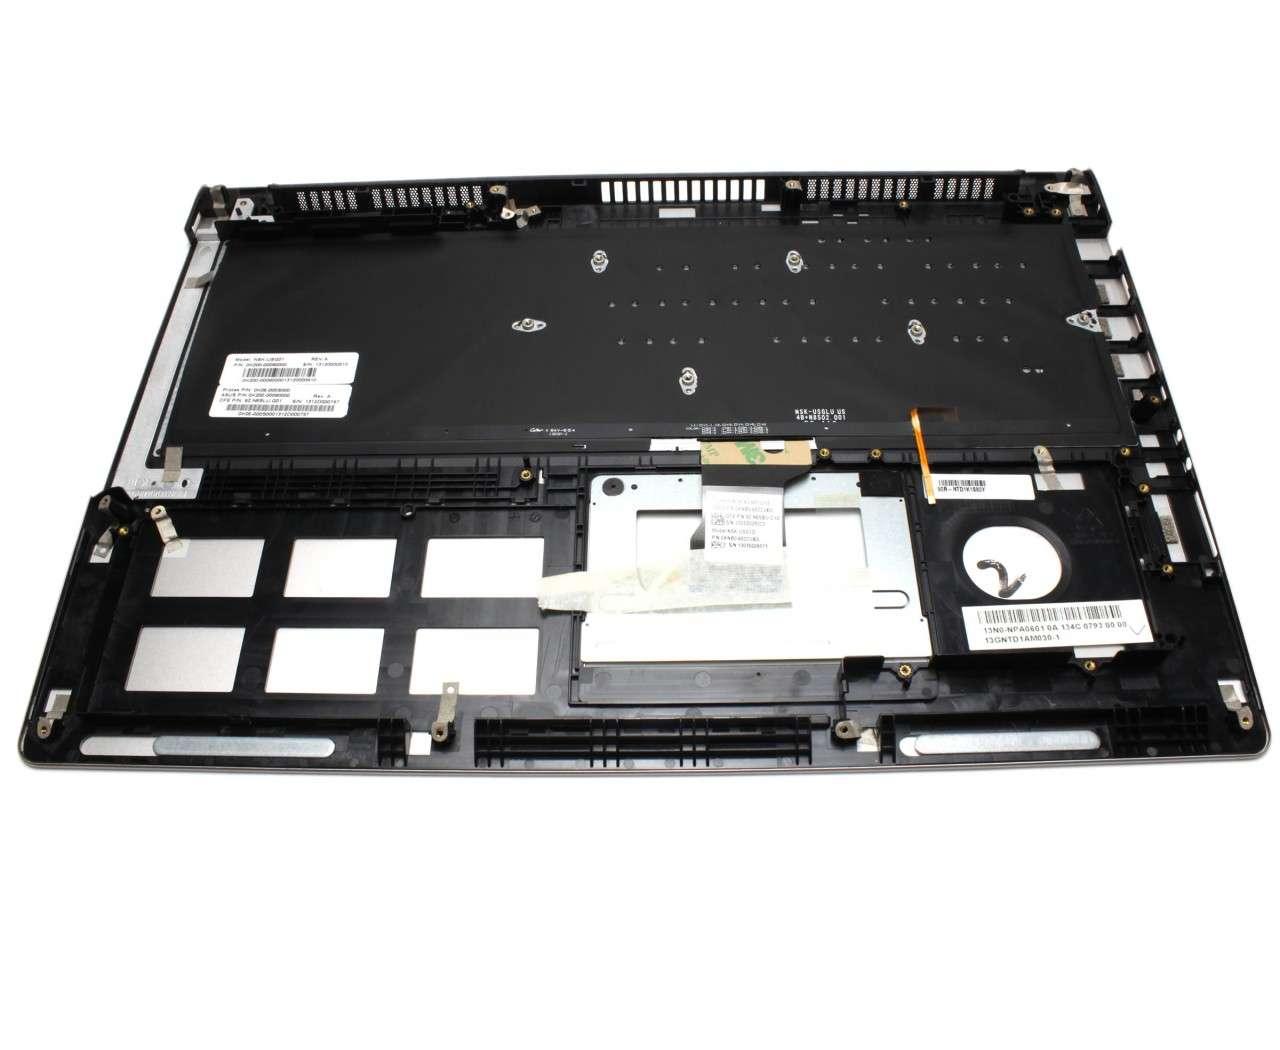 Tastatura Asus NSK-USGLU neagra cu Palmrest argintiu iluminata backlit imagine powerlaptop.ro 2021
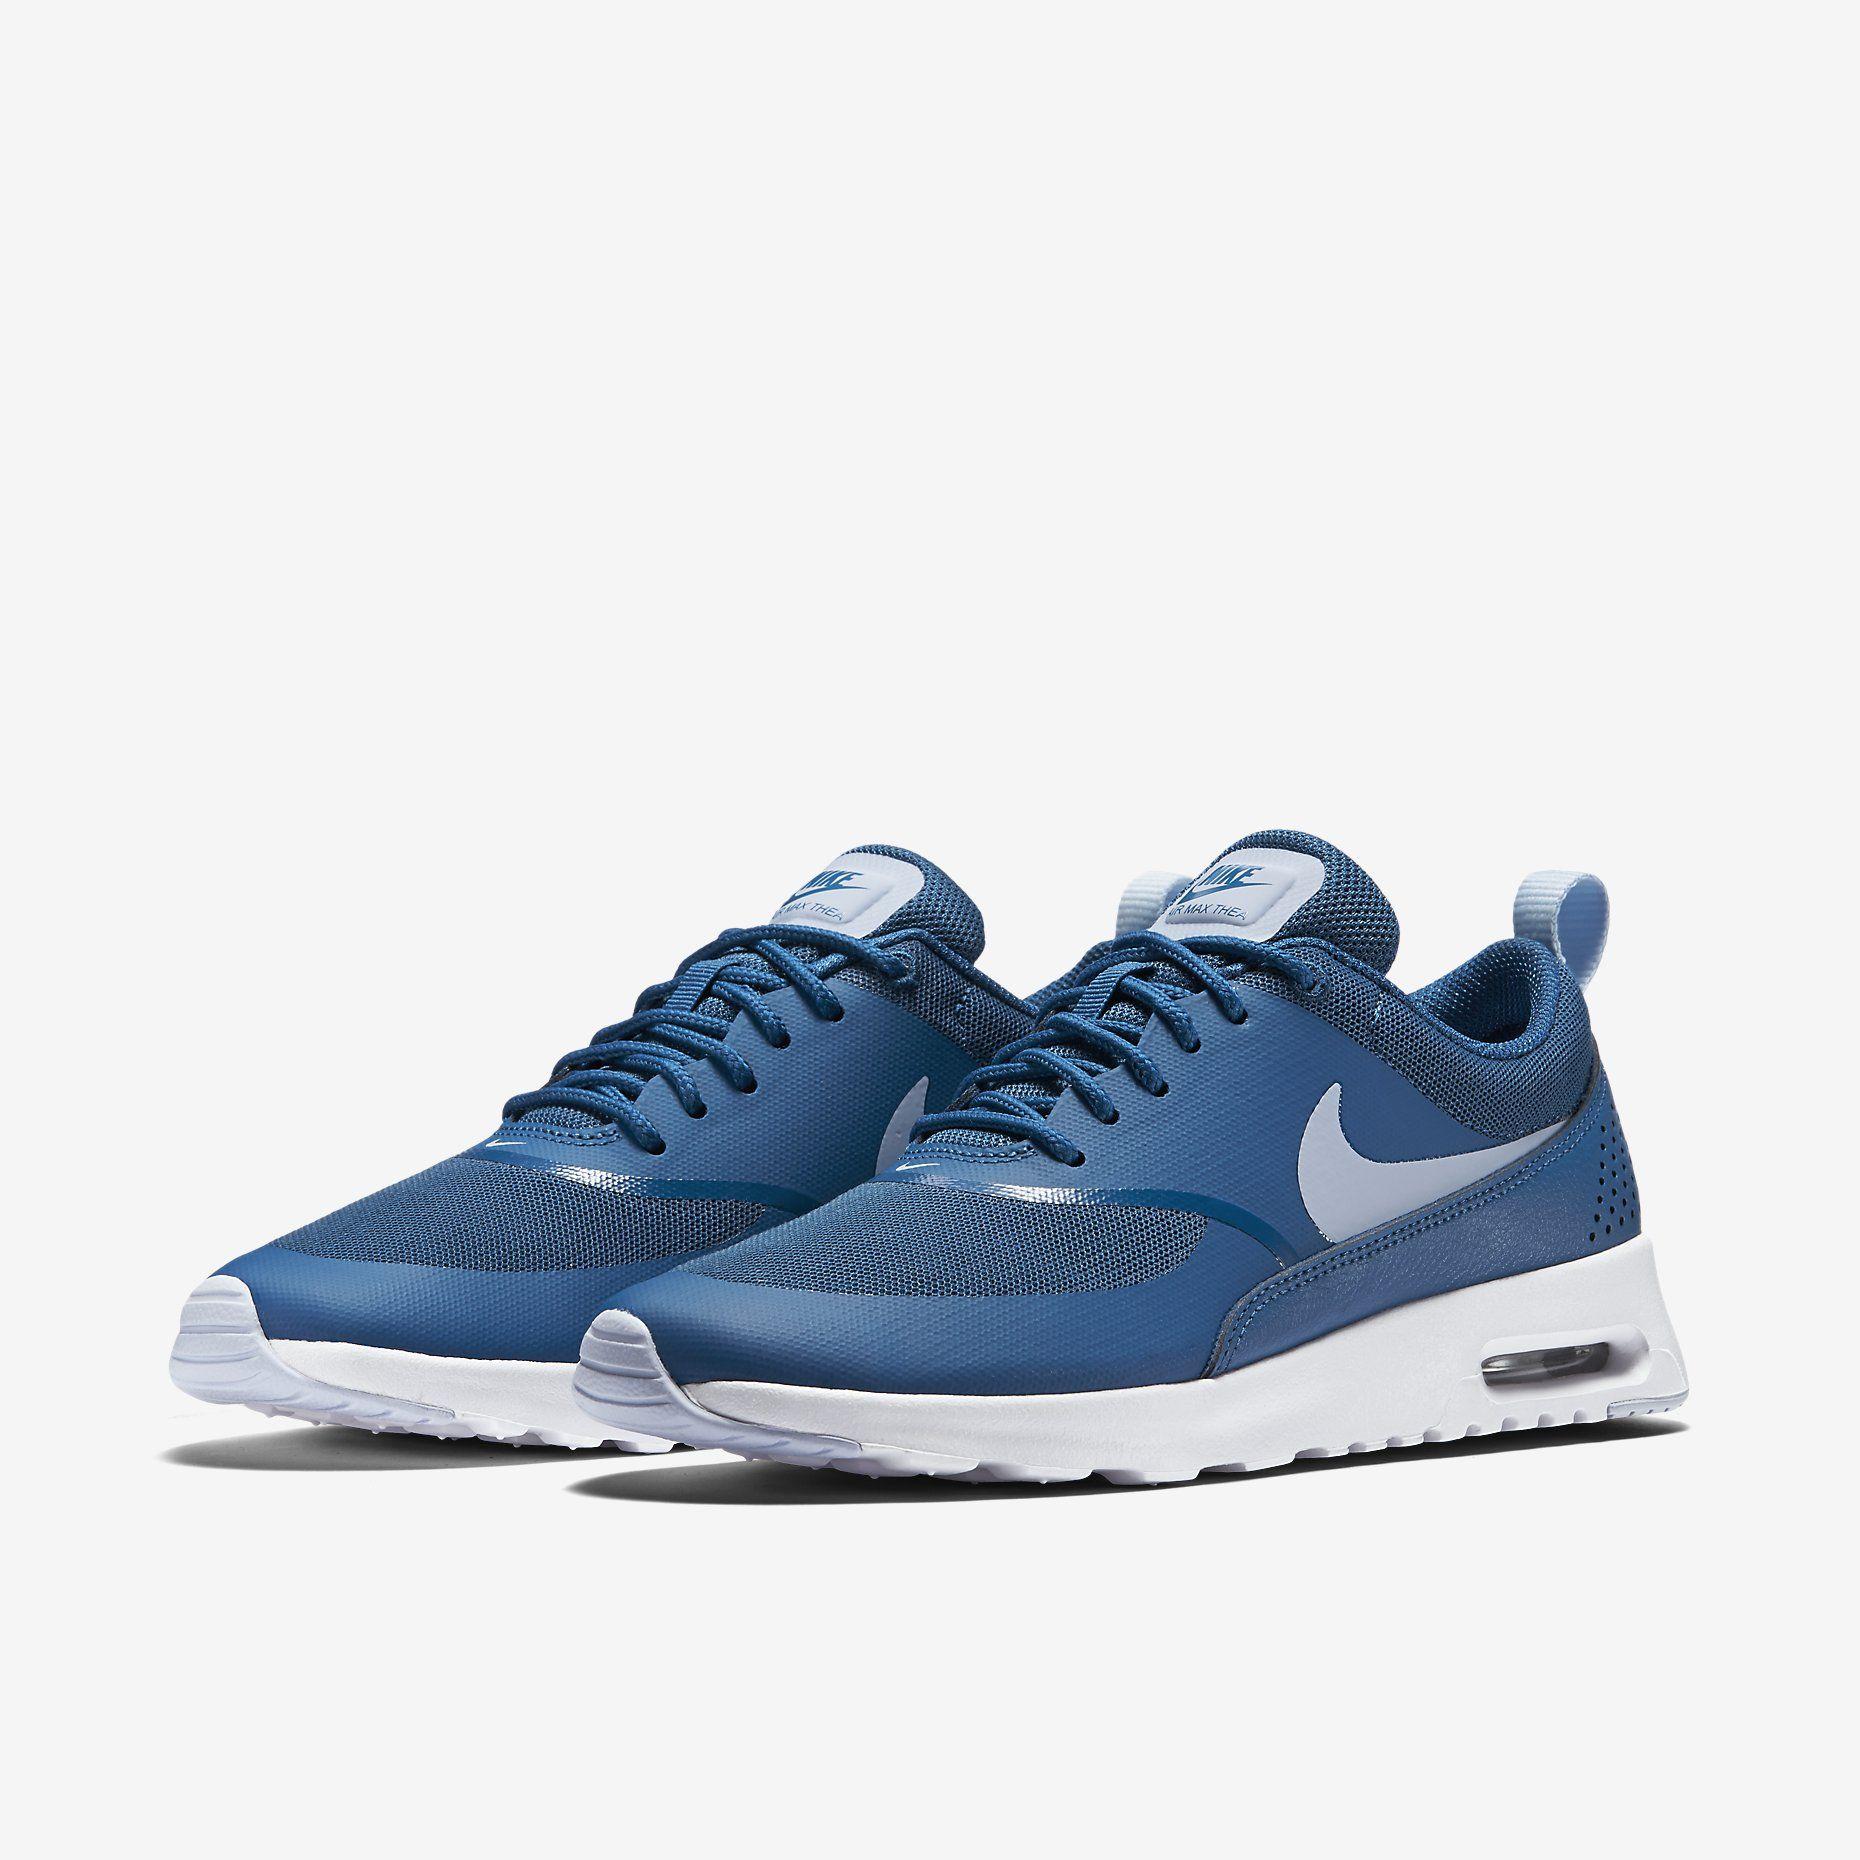 Kup Buty Odziez I Sprzet Firmy Nike Na Stronie Www Nike Com Air Max Sneakers Nike Nike Air Max
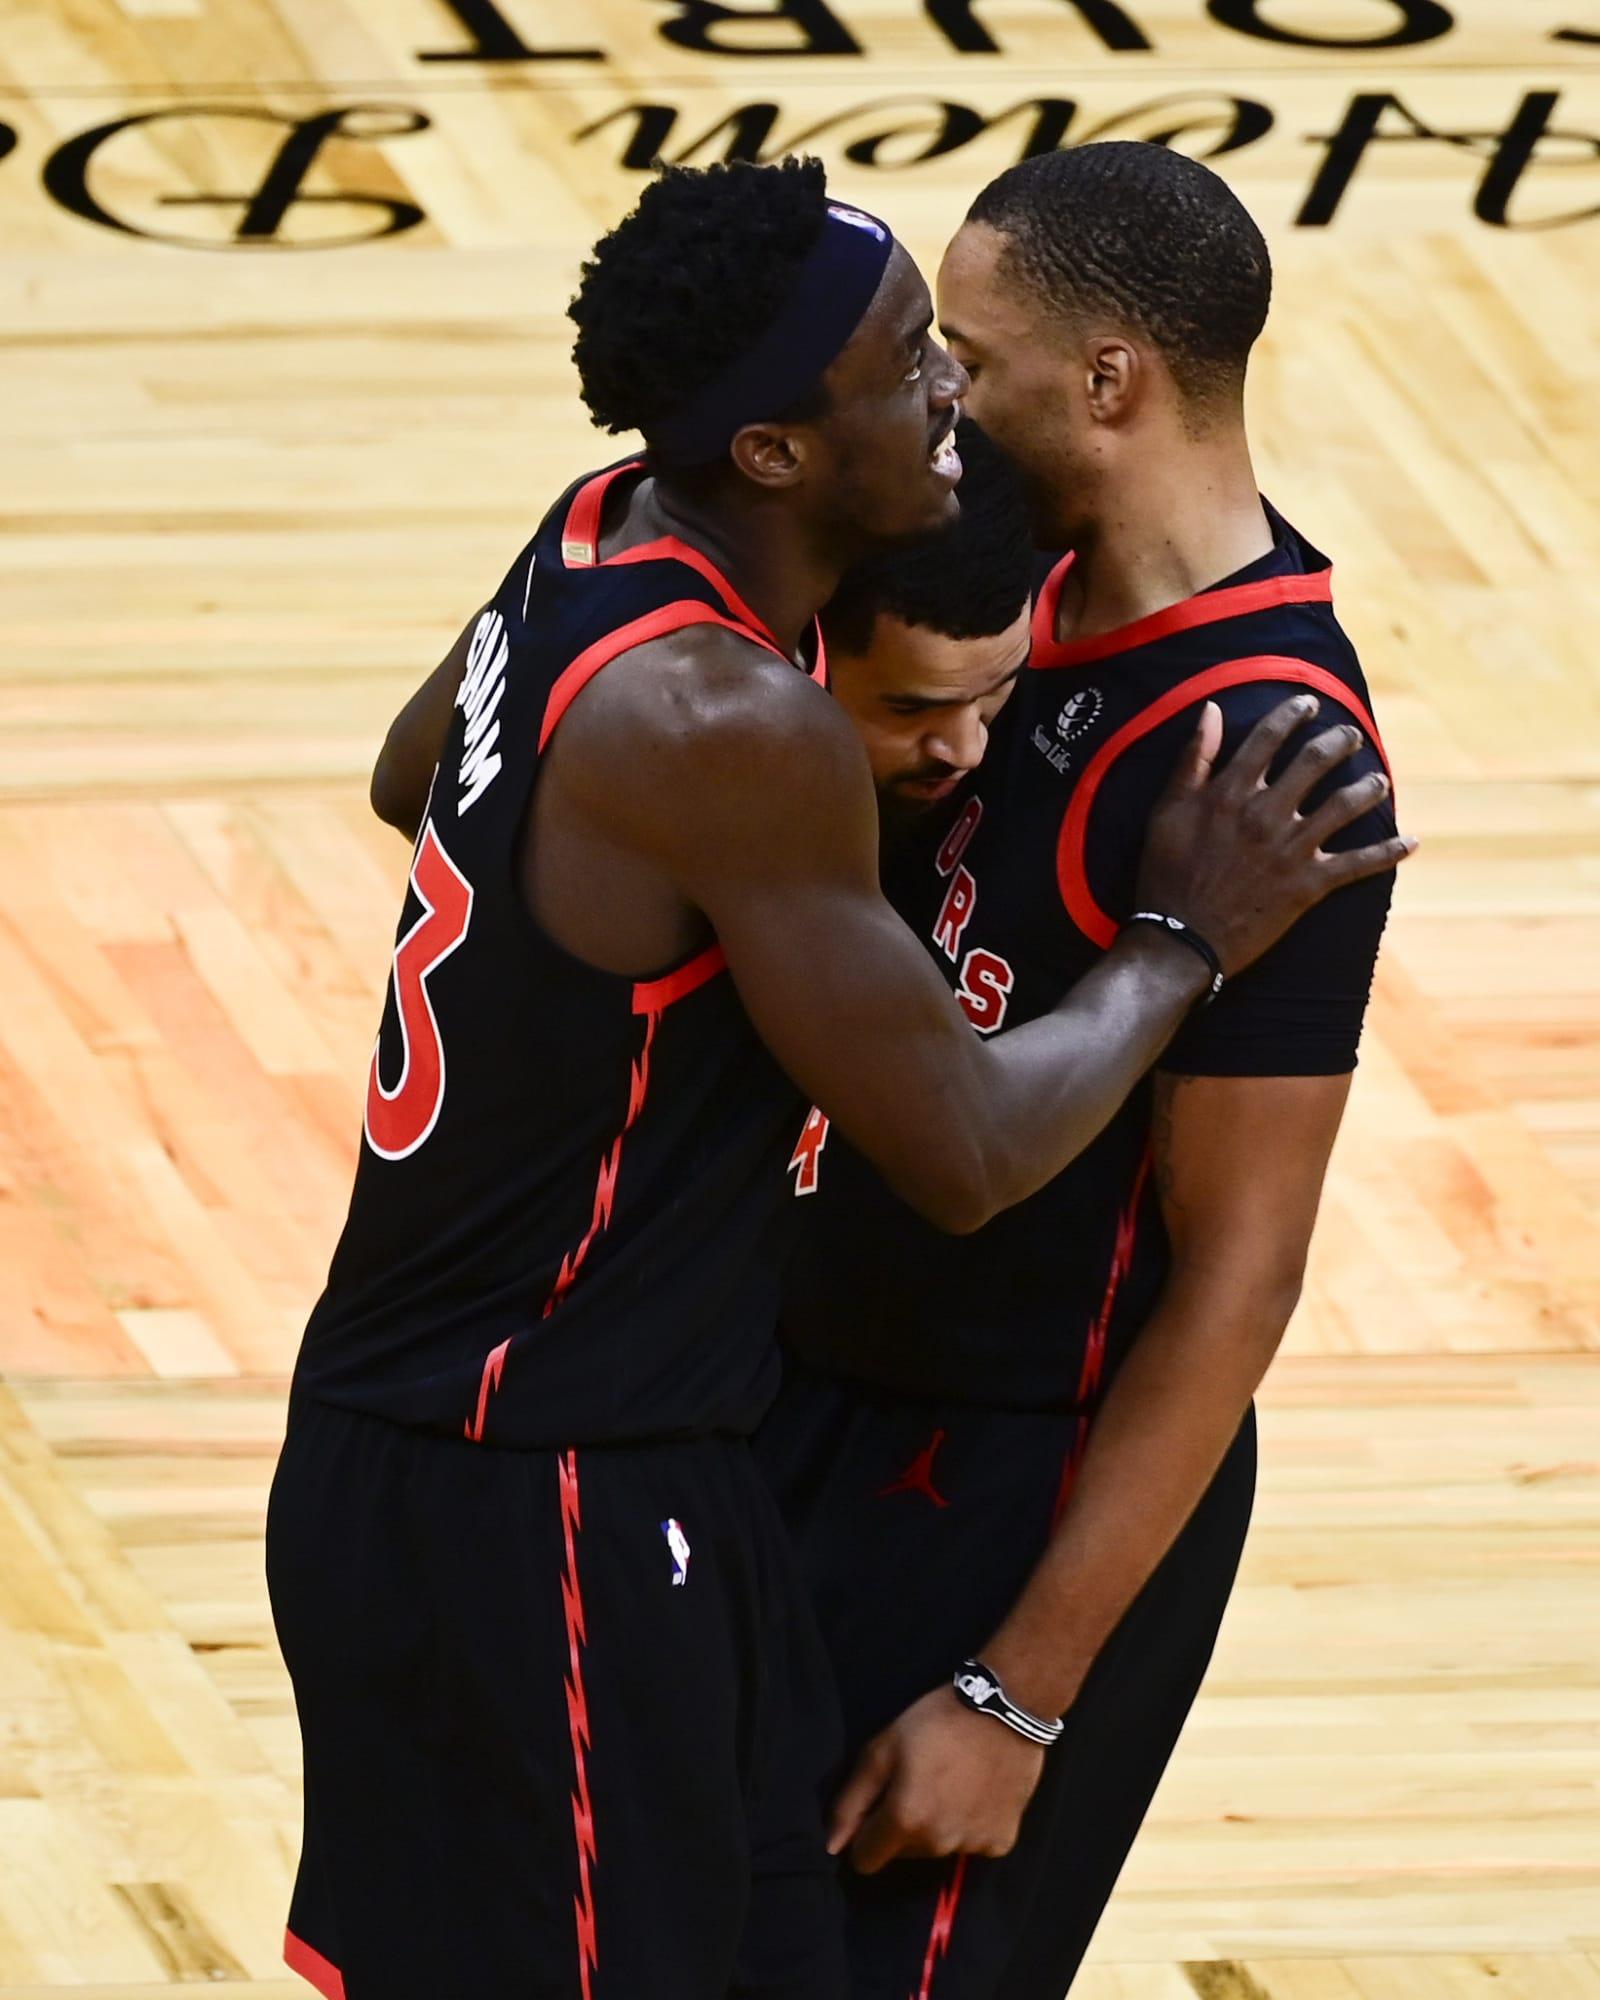 Raptors recap: Siakam, VanVleet, Powell lead balanced win over Grizzlies after Nurse ejection
-----
## What is expected
Return each line above word for word. Skip the pictures.

## Output
 Tastatura Asus NSK-USGLU neagra cu Palmrest argintiu iluminata backlit imagine powerlaptop.ro 2021
 Kup Buty Odziez I Sprzet Firmy Nike Na Stronie Www Nike Com Air Max Sneakers Nike Nike Air Max
 Raptors recap: Siakam, VanVleet, Powell lead balanced win over Grizzlies after Nurse ejection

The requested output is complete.